IEEE 802.3 is the name of the working group that invented Ethernet and documented these standards which are still in use today, though most of the technologies were first invented by Robert Metcalf.
IEEE 802.11 is the name of the working group that adopts standards for wireless Ethernet.
There are other ways to do networking than Ethernet. They're all odd and/or dead, so I won't cover them here.
An octet is 8 bits. The term byte is technically the size of word that the information processing system can handle, but let's not be pedantic. For the purpose of this article a byte is an octet is 8 bits and is represented by eight binary digits, two hexadecimal digits or a value from 0-255.
Packets, datagrams and frames are not quite the same things. Despite this the terms here will be used interchangeably to refer both to the information being passed (data) and the control information that describes that information and how to get it to where it's going (header). The purpose of this is to make the information more accessible. If you can't deal with this please cite somebody else. Communication is not well served by excess precision.
Technology
We'll be discussing wired Ethernet over copper.
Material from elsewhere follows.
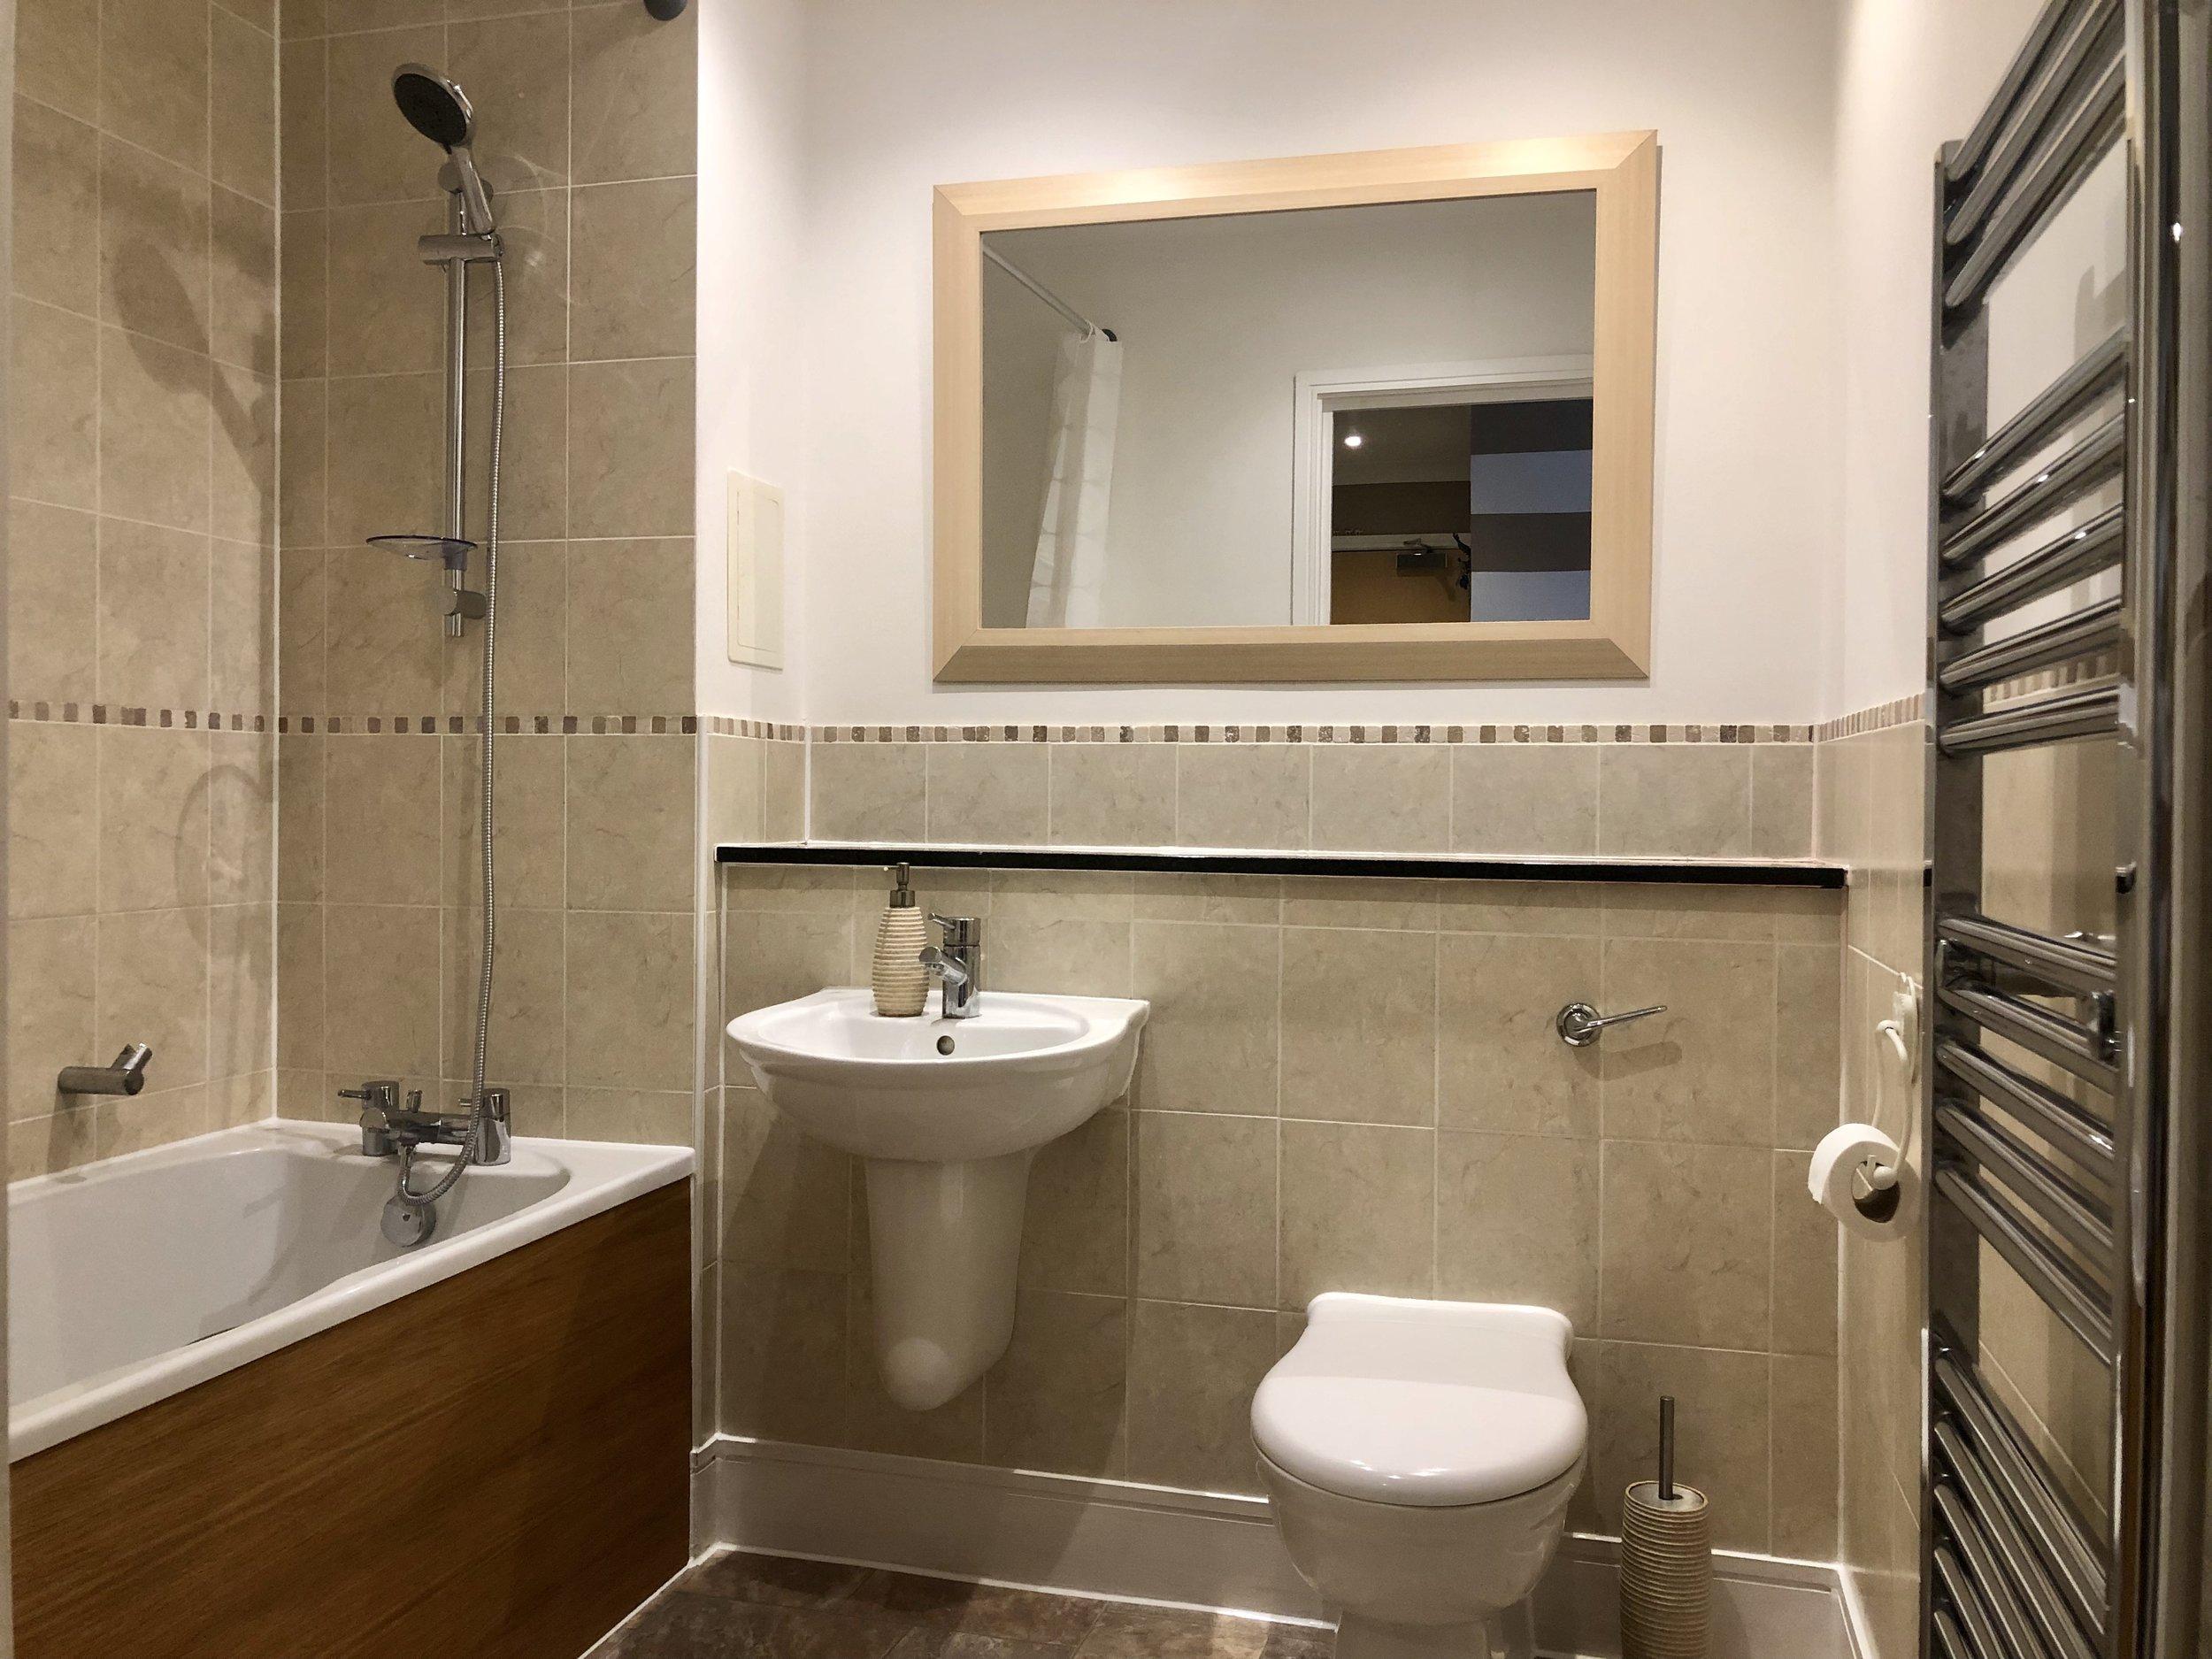 502AS Bathroom with shower over bath.jpg

For most of the material wireless networking is similar, but hopefully I'll find time to write them up in detail another time. For now the problem is big enough so I'll stick with wired networks using Cat 5e or better media. Fiber is an important part of modern networking, but fiber networking at layer two is similar enough that I can probably avoid discussing the differences. There are other ways to do networking, but either they're of historical interest or special purpose use only.
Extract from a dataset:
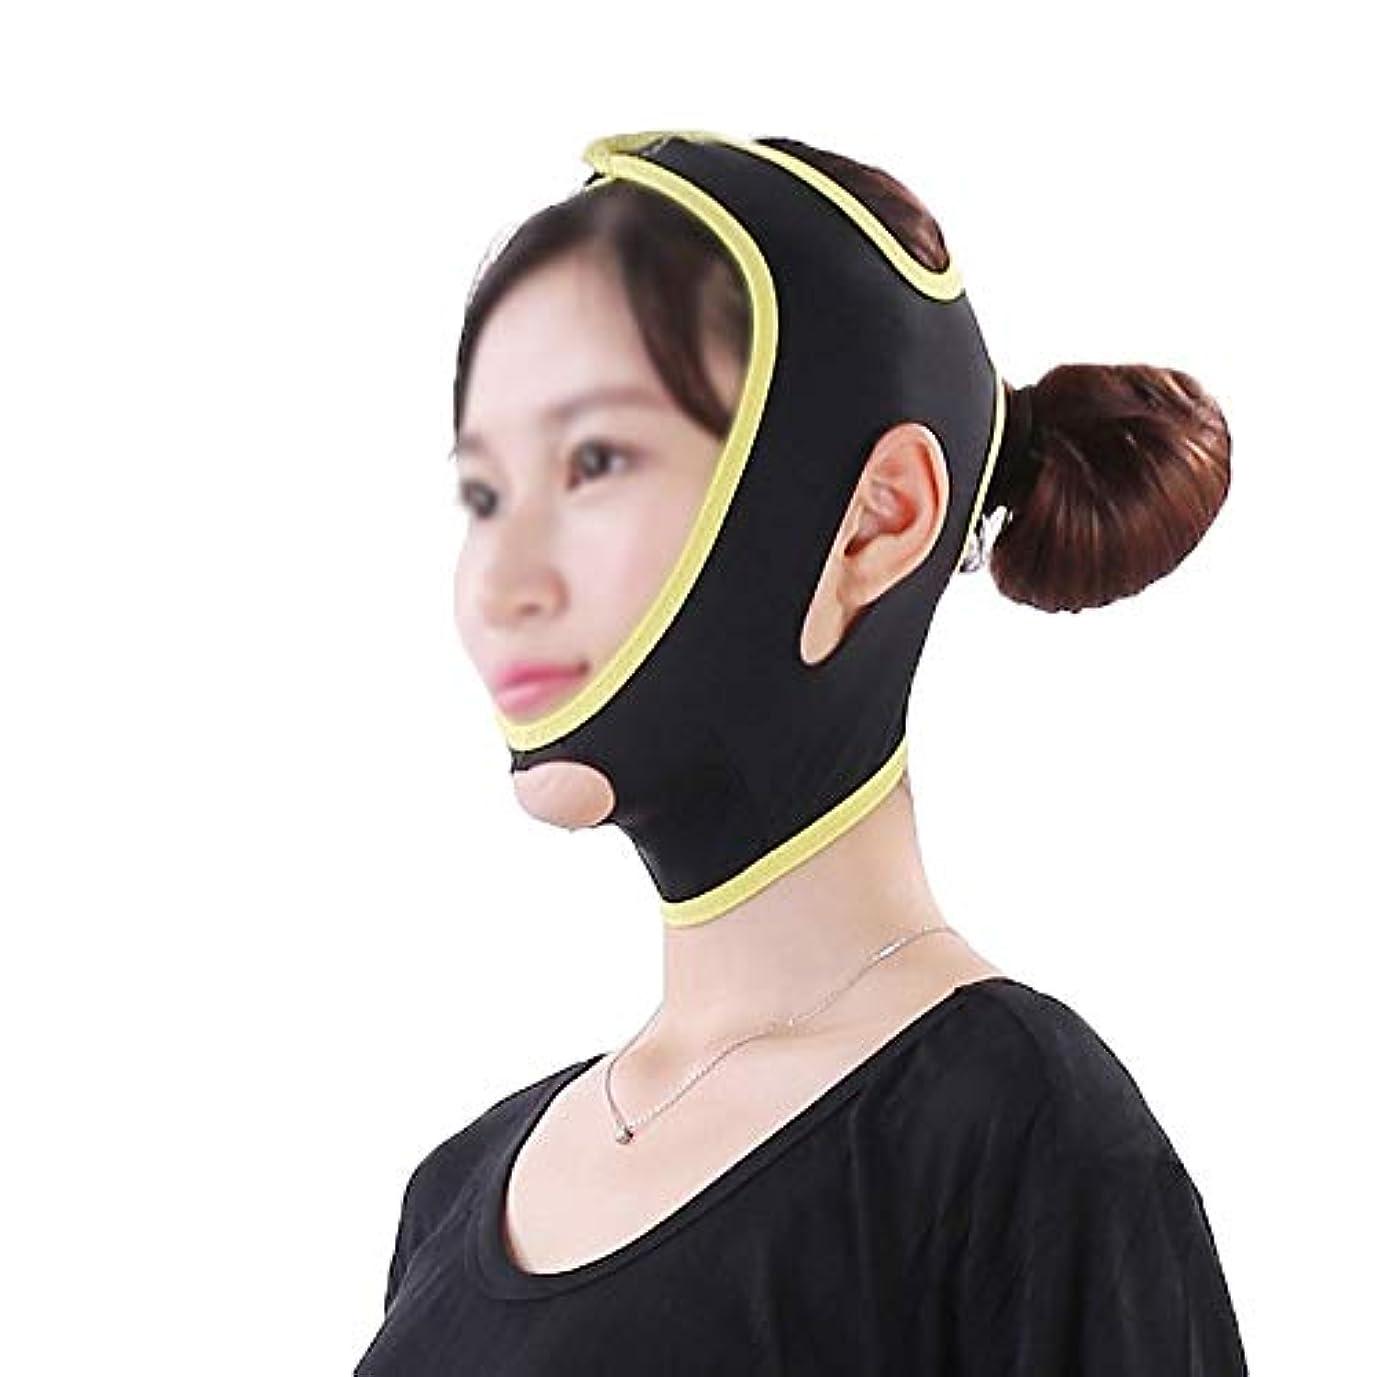 パック下るナイトスポットTLMY フェイス&ネックリフトシンフェイスマスクパワフルマスクフェイスリフトアーチファクトフェイスリフトフェイスツールシンフェイス包帯シンフェイスマスク美容マスク 顔用整形マスク (Size : L)

The network under discussion here will be only a single Local Area Network and the discussion will end at the first router we come to. Once a router re-addresses your data, it's no longer on the same network and passes beyond this topic. The only exception is when we get to VLANs, for which a cursory discussion of routing is necessary, since VLANs are common parts of modern networks and appropriate for discussion at layer 2.
The addressing scheme
For layer two ethernet we have a special sublayer, the Media Access Control or MAC layer, that deals with addressing. The rules are pretty simple. A MAC address uniquely identifies a particular access device that will receive packets. A MAC address is typically 6 bytes, or 48 bits. MAC addresses are usually written as pairs of hexadecimal digits, called out in the order of transmission, such as 01-02-03-0a-0b-0c or 01:02:03:0a:0b:0c. In both of these cases the first half is referred to as the organizationally unique identifier (OUI) and the second half is the network interface controller (NIC) specific ID. The original purpose for this was to allow for specific network controller vendors to identify their products in the MAC address and still leave a way for each NIC on a LAN to have a unique ID. Since this is 30 years later, you can probably anticipate that we've run out of numbers and individual vendors have multiple OUIs, and MACs are no longer deliberately unique. That's OK, though, because these days MAC address is a configurable part of the NIC and so if you have two with the same number (address collision) you can fix it.
Reliably unreliable
It's counter-intuitive, but it works. On the ethernet at layer 2, the system is deliberately unreliable. There is no error detection or correction mechanism. The ethernet delivers packets on a "best effort" basis. Unexpected packets received on a port are ignored. Packets to unknown hosts are just discarded. At Layer 4 we get systems that handle detecting if communication was successful, but the equipment at layer 2 literally doesn't care. Reliable methods have been tried, but failed to keep up with the speed of Ethernet and were ultimately discarded or pushed into specialized applications.
The packet
The packet consist of a header and your data. If you have no interest in programming or network analysis you can safely skip the rest of this part. The header consists of a preamble that identifies the packet as an ethernet frame. It's 7 bytes with the value 10101010. This is the signal that lets the receiver know there's data coming down the wire. It's followed by the start of frame indicator, which is a single byte with the value 10101011. Then comes the MAC destination address, then the MAC source address. The next field is rather tricky.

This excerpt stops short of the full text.